Your program accesses local variables in a procedure by using negative offsets from the activation record base address (EBP). For example, consider the following HLA procedure (which admittedly, doesn't do much other than demonstrate the use of local variables):

procedure LocalVars; nodisplay;
 
var
 
	a:int32;
 
	b:int32;
 
begin LocalVars;
 

 
	mov( 0, a );
 
	mov( a, eax );
 
	mov( eax, b );
 

 
end LocalVars;
 

 

The activation record for LocalVars looks like



Figure 3.6 Activation Record for LocalVars Procedure

The HLA compiler emits code that is roughly equivalent to the following for the body of this procedure2:

		mov( 0, (type dword [ebp-4]));
 
		mov( [ebp-4], eax );
 
		mov( eax, [ebp-8] );
 

 

You could actually type these statements into the procedure yourself and they would work. Of course, using memory references like "[ebp-4]" and "[ebp-8]" rather than a or b makes your programs very difficult to read and understand. Therefore, you should always declare and use HLA symbolic names rather than offsets from EBP.

The standard entry sequence for this LocalVars procedure will be3

		push( ebp );
 
		mov( esp, ebp );
 
		sub( 8, esp );
 

 

This code subtracts eight from the stack pointer because there are eight bytes of local variables (two dword objects) in this procedure. Unfortunately, as the number of local variables increases, especially if those variables have different types, computing the number of bytes of local variables becomes rather tedious. Fortunately, for those who wish to write the standard entry sequence themselves, HLA automatically computes this value for you and creates a constant, _vars_, that specifies the number of bytes of local variables for you4. Therefore, if you intend to write the standard entry sequence yourself, you should use the _vars_ constant in the SUB instruction when allocating storage for the local variables:

		push( ebp );
 
		mov( esp, ebp );
 
		sub( _vars_, esp );
 

 

Now that you've seen how assembly language (and, indeed, most languages) allocate and deallocate storage for local variables, it's easy to understand why automatic (local VAR) variables do not maintain their values between two calls to the same procedure. Since the memory associated with these automatic variables is on the stack, when a procedure returns to its caller the caller can push other data onto the stack obliterating the values of the local variable values previously held on the stack. Furthermore, intervening calls to other procedures (with their own local variables) may wipe out the values on the stack. Also, upon reentry into a procedure, the procedure's local variables may correspond to different physical memory locations, hence the values of the local variables would not be in their proper locations.

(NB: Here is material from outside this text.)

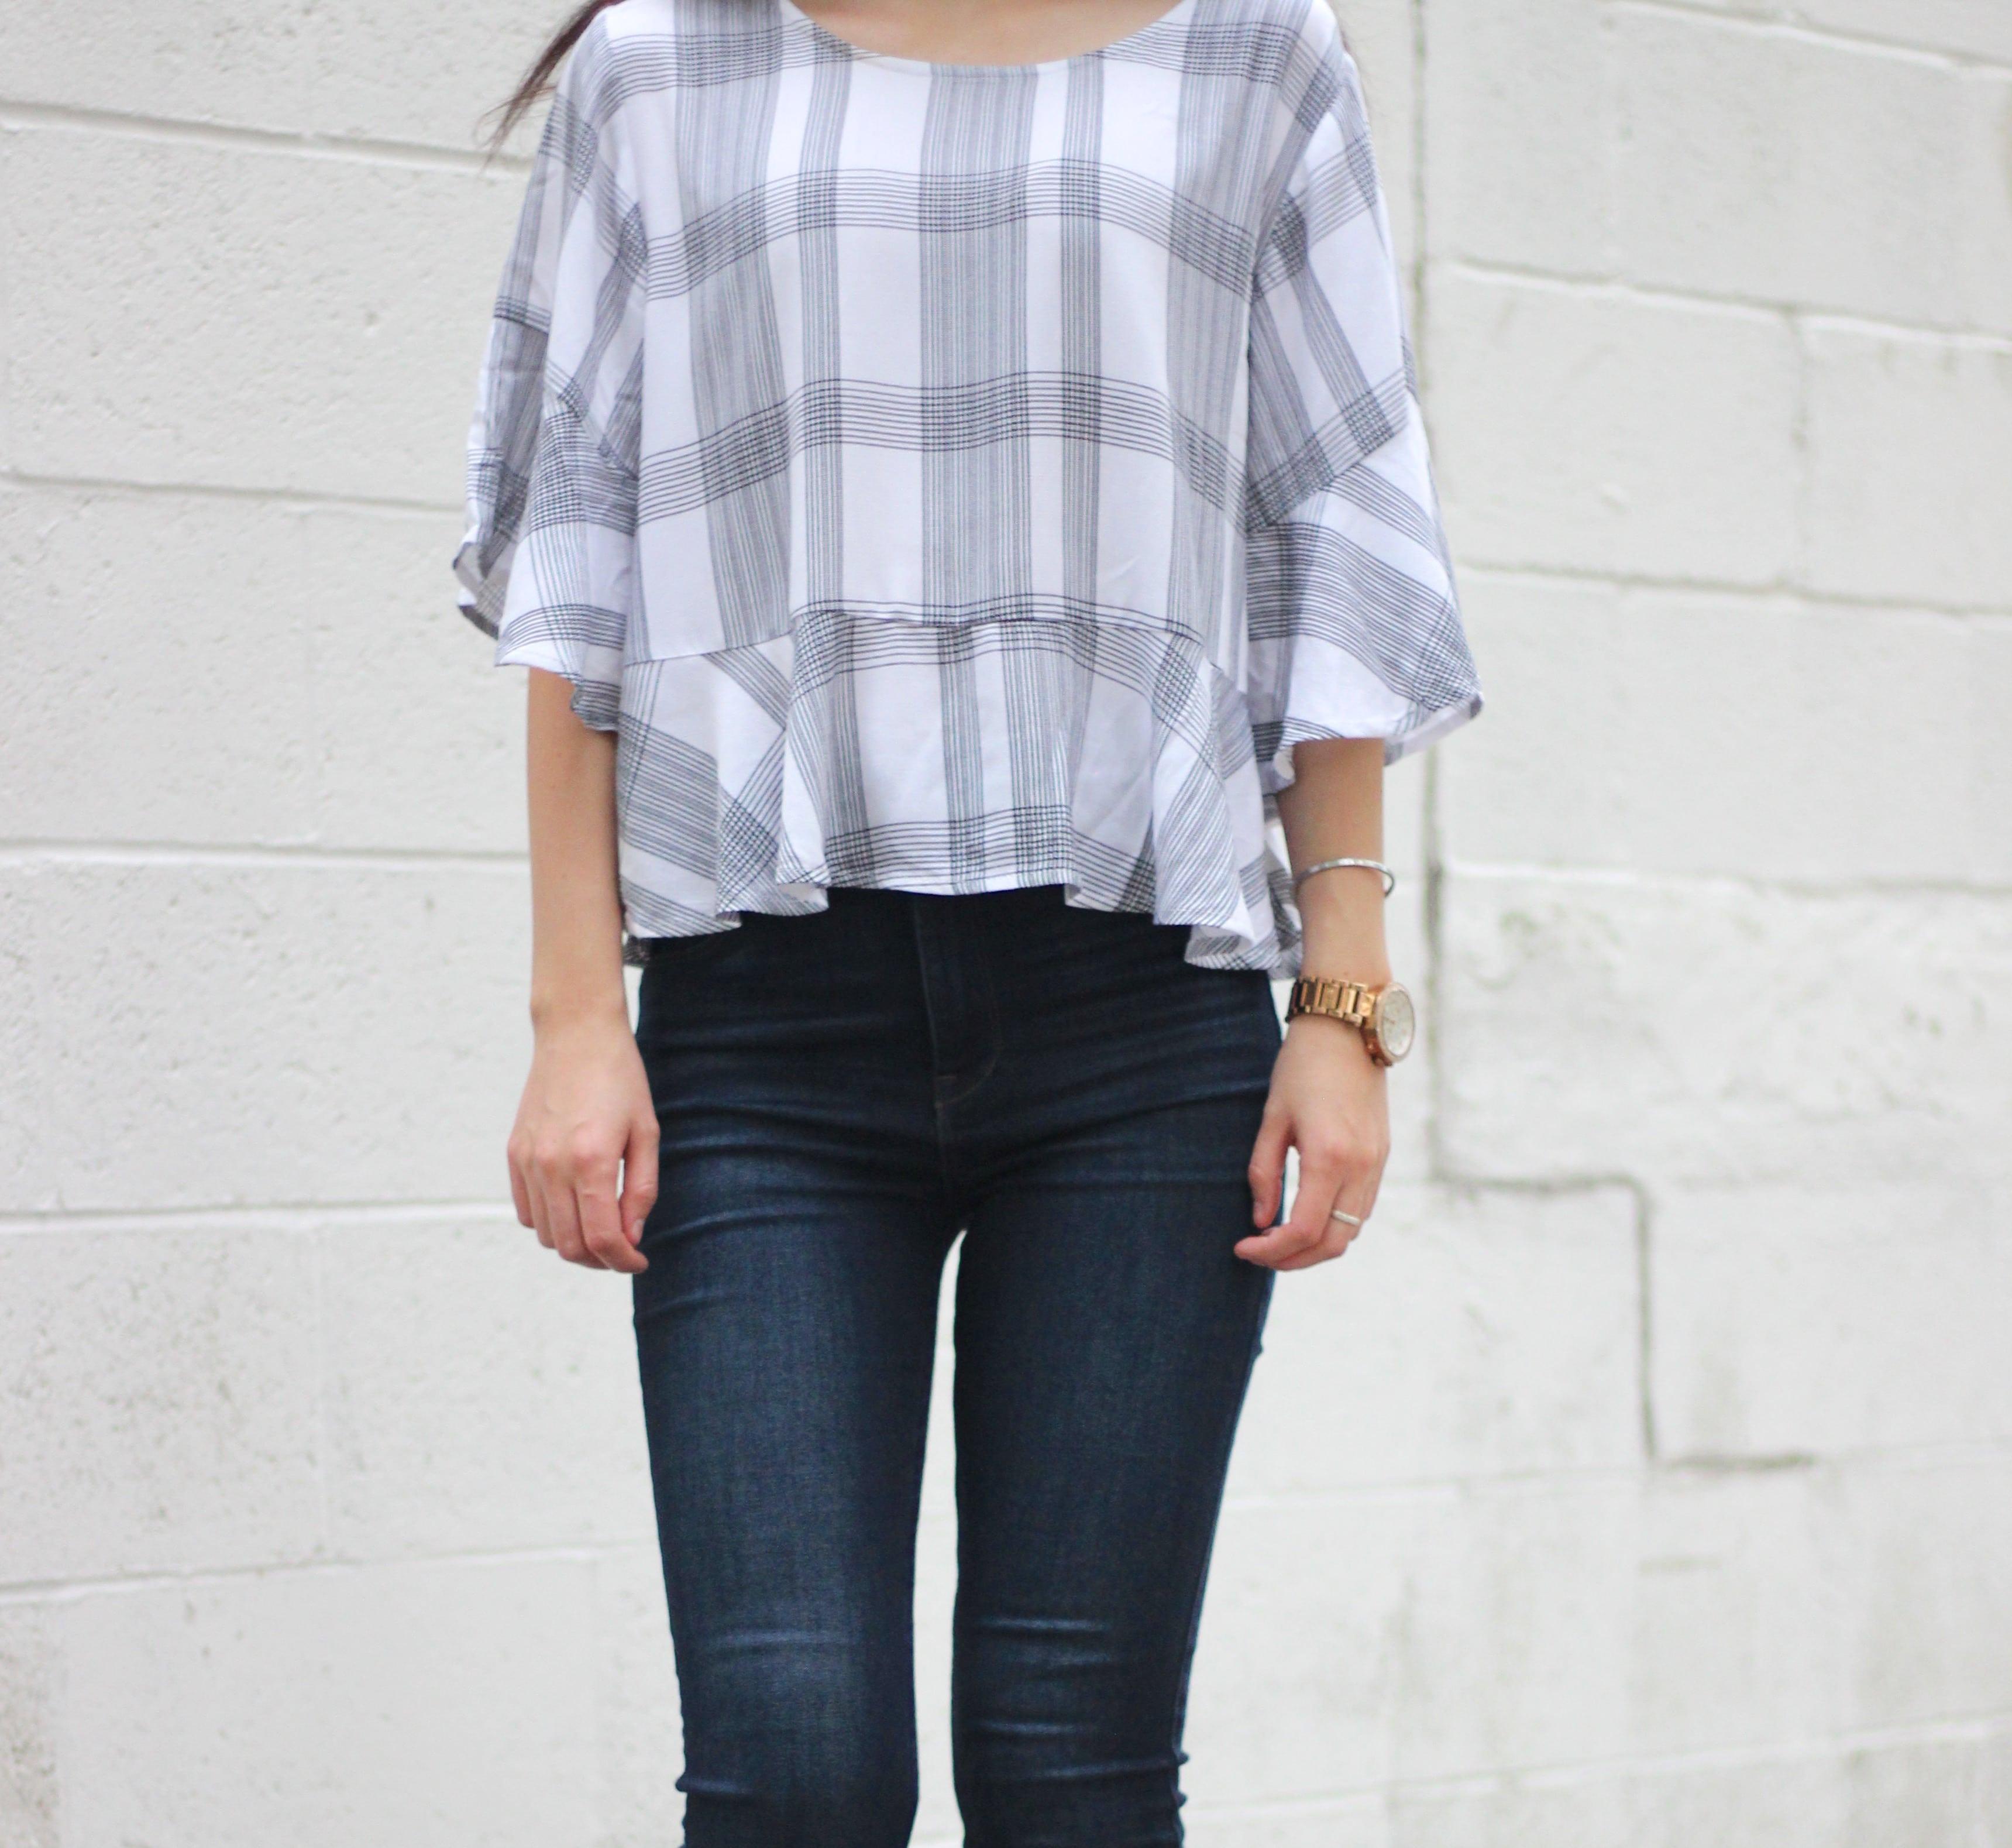 Plaid Top + Jeans : OOTD

One big advantage to automatic storage is that it efficiently shares a fixed pool of memory among several procedures. For example, if you call three procedures in a row,

		ProcA();
 
		ProcB();
 
		ProcC();
 

 

The first procedure (ProcA in the code above) allocates its local variables on the stack. Upon return, ProcA deallocates that stack storage. Upon entry into ProcB, the program allocates storage for ProcB's local variables using the same memory locations just freed by ProcA. Likewise, when ProcB returns and the program calls ProcC, ProcC uses the same stack space for its local variables that ProcB recently freed up. This memory reuse makes efficient use of the system resources and is probably the greatest advantage to using automatic (VAR) variables.

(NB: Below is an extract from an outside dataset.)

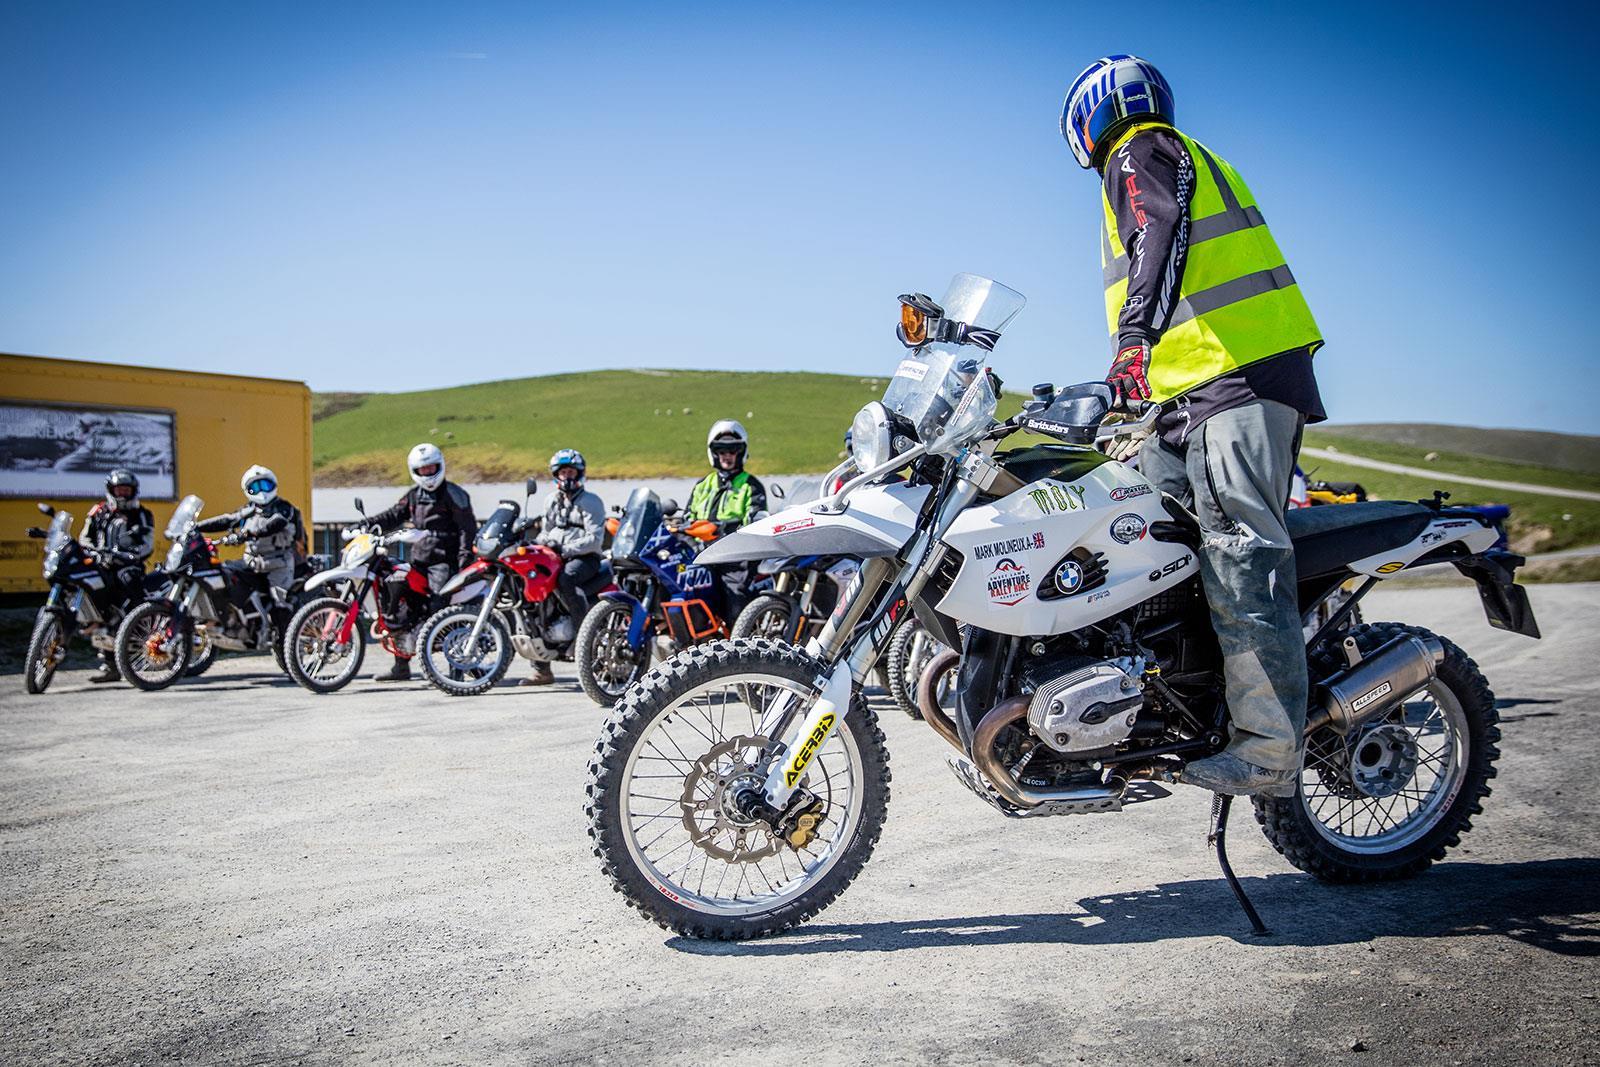 Off-road motorcycle school

1Stack frame is another term many people use to describe the activation record.

2Ignoring the code associated with the standard entry and exit sequences.

3This code assumes that ESP is dword aligned upon entry so the "AND( $FFFF_FFFC, ESP );" instruction is unnecessary.

4HLA even rounds this constant up to the next even multiple of four so you don't have to worry about stack alignment.